Bank Indonesia Keeps Policy Rate Unchanged#

On Wednesday, Bank Indonesia decided to keep its policy interest rate steady at 4.75%. This decision aims to support a stronger Indonesian rupiah, as noted in a recent report from Bank of America.

Future Monetary Policy Adjustments#

While the current rate remains unchanged, Bank Indonesia has not ruled out the possibility of tightening monetary policy in the future. This could include raising the policy rate if necessary. The central bank is also focused on promoting credit growth and overall economic expansion by maintaining supportive macroeconomic policies.

Insights from Bank of America Analysts#

Analysts from Bank of America expect that the policy rate will remain stable for the foreseeable future. Instead of increasing the rate, they believe that Bank Indonesia may raise the yields on its short-term bonds (SRBI) to tighten monetary conditions if needed. Currently, the yields on these bonds are approximately 90 basis points higher than the policy rate.

Addressing Currency Concerns#

Bank Indonesia's decision to maintain the policy rate is partly due to concerns about the rupiah's value, particularly as it hovers just above 17,000 against the US dollar (USD-IDR). The central bank considers the rupiah to be undervalued based on its economic fundamentals and is prepared to intervene in foreign exchange markets to stabilize it. Additionally, the central bank has revised its current account deficit forecast for 2026, lowering it by 40 basis points to a range of 0.5-1.3% of GDP.

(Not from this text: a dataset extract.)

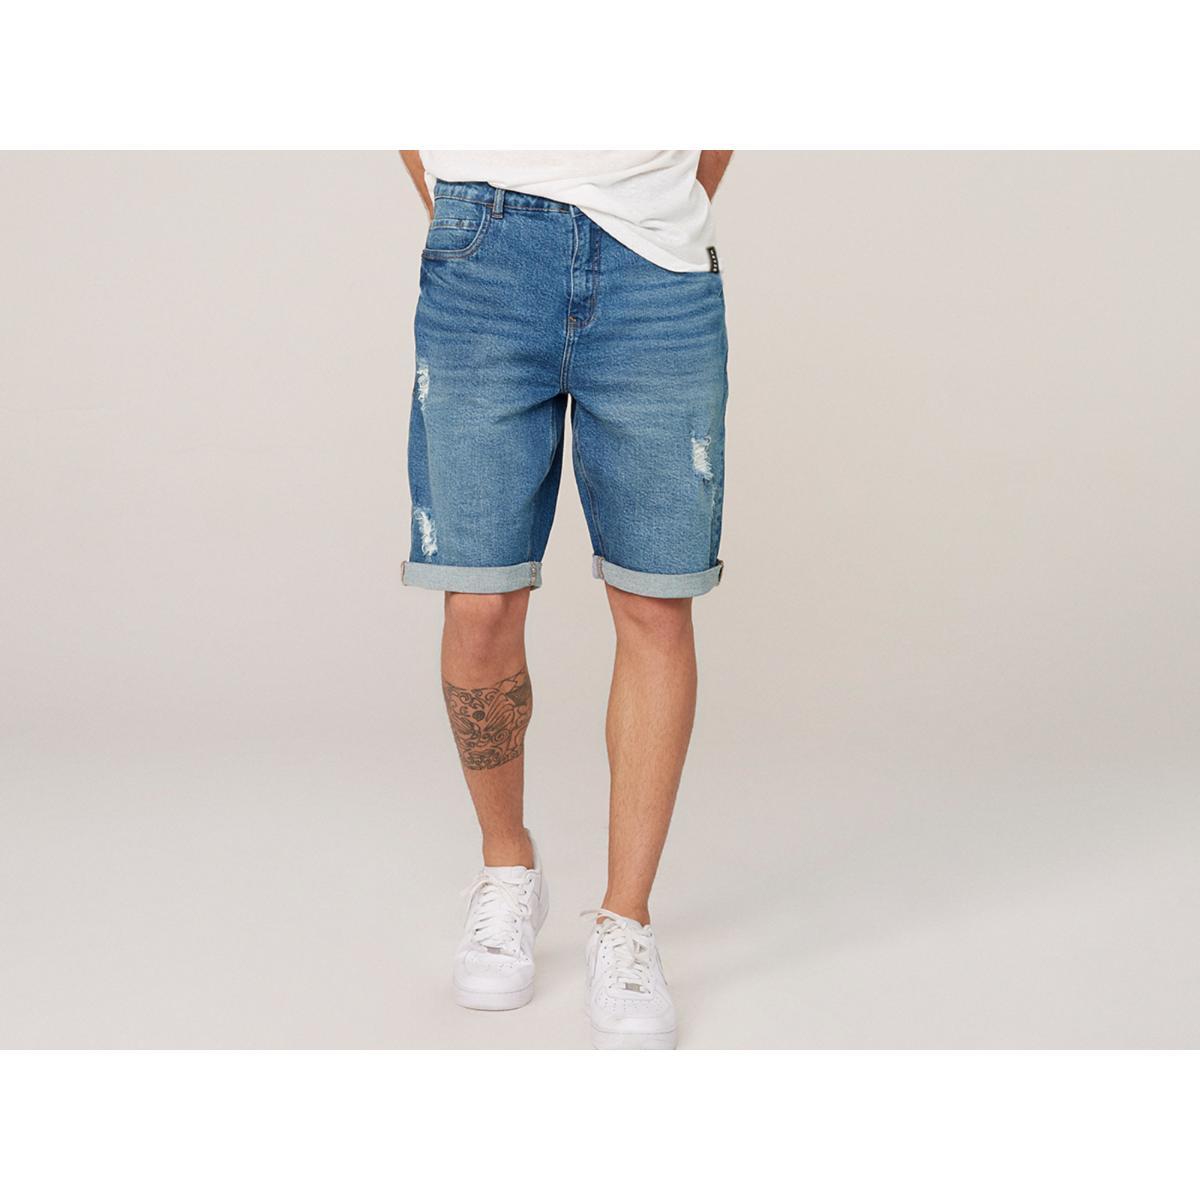 Bermuda Masculina Dzarm Zc4v 1dsn  Jeans

Enhancing Foreign Exchange Management#

To improve foreign exchange management, Bank Indonesia has allowed certain primary dealers to participate in offshore non-deliverable forwards (NDFs). This move aims to align offshore pricing with onshore foreign exchange markets. The central bank also reported an increase in the share of spot transactions with valid documentation, rising from 89.2% to 93.5%. Overall, Bank Indonesia is committed to maintaining stability in both foreign exchange and inflation while aiming for loan growth within its target range of 8-12% for 2026.